4.6. The recursive algorithm

As discussed in Section 4.3, “Overview of the solution algorithm”, recursive solution relies on organizing the set of slots into an ordered set. Once we know which slot is considered the first slot, we try all the different choices for the first slot, then try all the different choices for the second slot, and so forth until we either reach a solution, or we reach a contradiction—where there are no remaining candidates for a given slot.

The recursive method for a given slot assumes that all previous slots have been solved (that is, that each has exactly one word choice remaining). The recursive method is a generator: it generates all the solutions that start at the current state of the puzzle, if there are any solutions based on the current state.

The basis case for recursion is when we reach the last slot and there is only word that fits that slot. This means that the current state is a solution to the puzzle, so the method yields self, which is yielded back through all the recursive layers and finally yielded by the first-level method of the recursive algorithm.

If we reach a slot and there are no choices left for the slot, the recursive method raises a StopIteration exception to signify that there are no solutions based on the current state.

The general case is when the current slot has multiple choices remaining. This case is easy to describe in general: we try each of the remaining choices for the current slot, and for each choice, try recursively to solve the remaining slots.

This is tricky because we may have to backtrack some of the actions that occur during recursive solution.

For example, suppose we only have three unsolved slots: call them A, B, and C, in order.

So we pick one of the words that is still a choice for slot A, and recur until we reach the recursion for slot B. At that point we pick the first choice for slot B and recur. But then suppose later we find that with those choices for slots A and B, none of the choices for slot C work anymore.

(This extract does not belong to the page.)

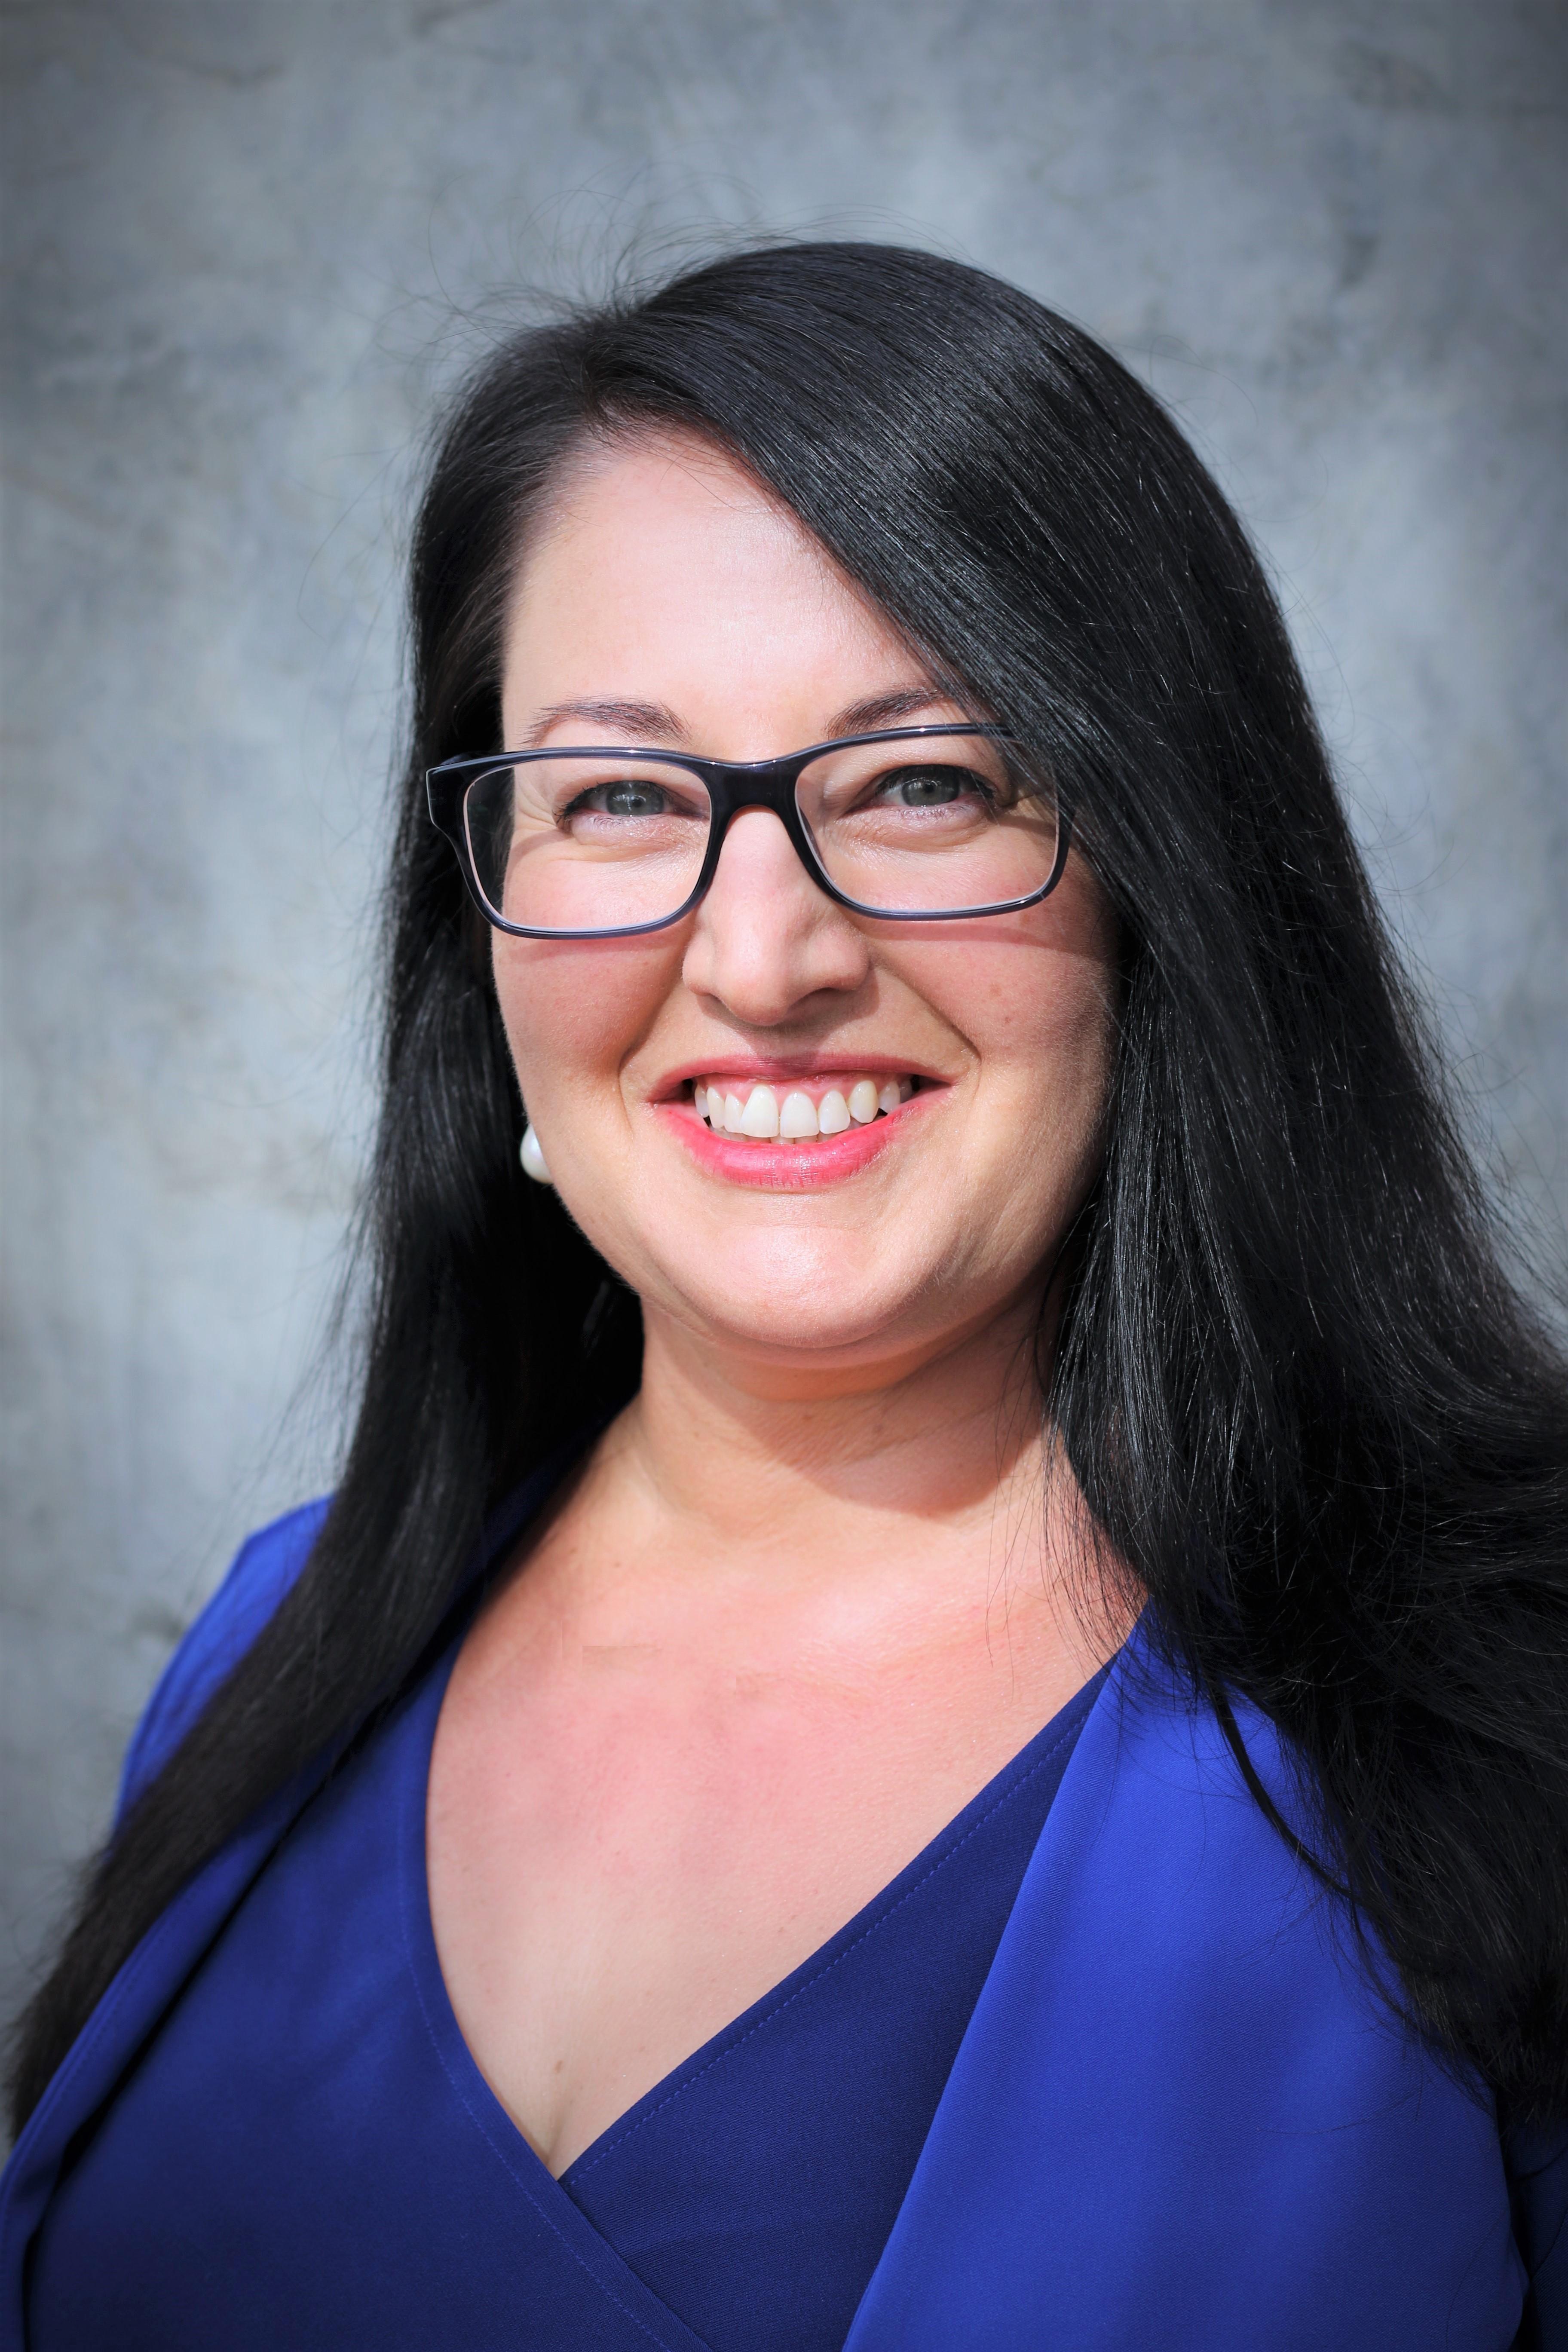 Dr Deborah Netolicky

At that point, the choices that we removed from slot C must be put back. This is where the backtracking comes in.

So the backtracking is handled in the recursive algorithm in this way. At this point, we are assuming that the current slot is not the last slot, and that there are two or more choices for that slot.

  1. Remember the current set of choices for the slot.

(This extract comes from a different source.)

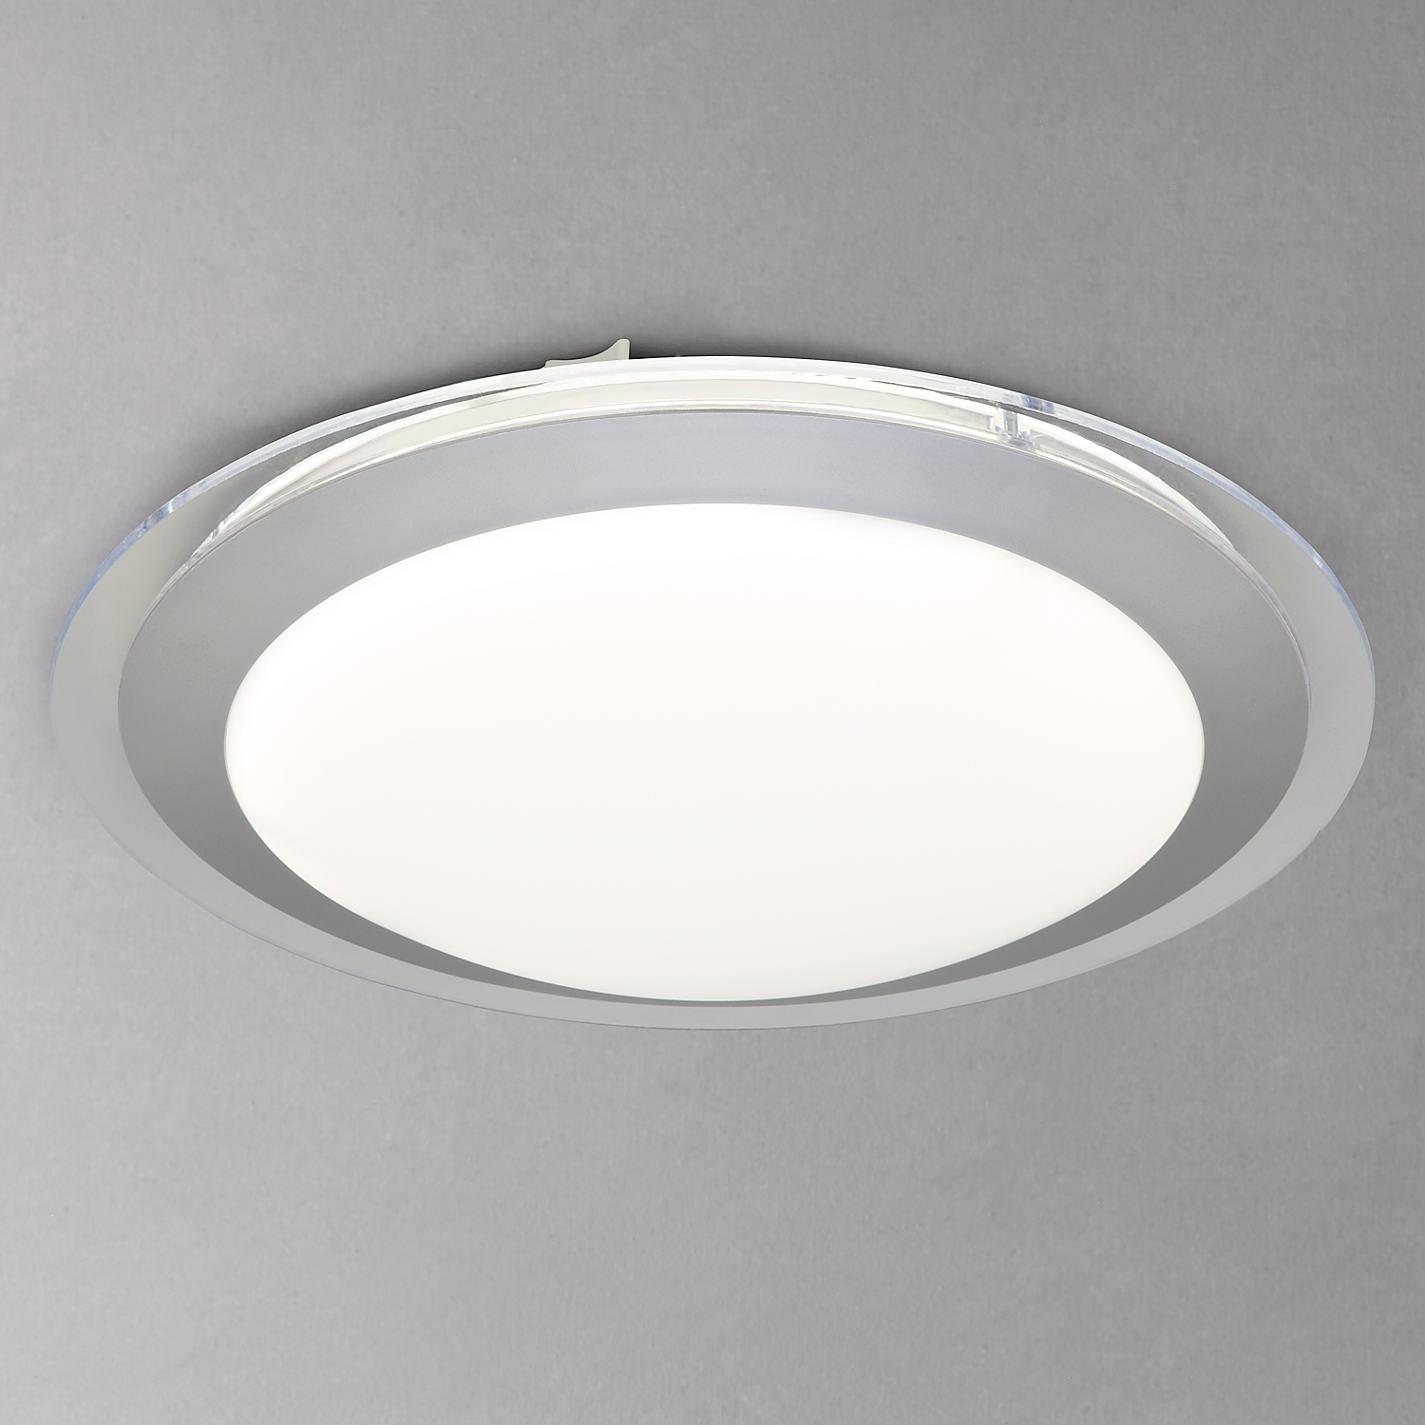 John Lewis Bathroom Ceiling Lights Lighting Led Wall Uk Light Within John Lewis Outdoor Ceiling Lights (#11 of 15)

  2. Temporarily remove all those choices from the slot.

  3. For each of the original choices:

    1. Reinstate that choice for this slot.

    2. Recursively call the solver method starting at the following slot.

    3. Remove that same choice from the slot's choices.

  4. Reinstate all the original choices for this slot.

4.7. The WordBank class

The algorithms described in the previous sections need two subtle features:

Accordingly, we define a class WordBank that contains these mechanisms.

  • An instance of this class is primarily a container for the word list.

  • This instance is the logical place to hold the current list of word choices for each slot. We can keep a running count of the total number of choices for the entire puzzle. When this count is exactly the same as the number of slots, we know that there is only one choice per slot, hence the puzzle is solved. The obvious data structure here is a dictionary whose keys are slot instances, and each related value is a list of the word choices for that slot.

    Furthermore, the cyclic reduction algorithm can record the value of this running count before each pass through the set of slots, and then check it again after the pass. If the value has not changed, we know we have reached the point where we are no longer eliminating choices.

  • Building and reducing the list of choices for each slot will be done by calling methods on this instance. Method .mayBe() tells the instance that a given word may be the solution to a given slot; method .isNot() tells the instance that a given word is not the solution to a given slot.

  • Applying the unique-slot test (see Section 4.5, “Cyclic reduction”) means that we need to know the set of slots that include a given word in their choices. This will be implemented by a dictionary whose keys are the words in the puzzle, and each corresponding value is a list of the slots for which this word is still one of the choices.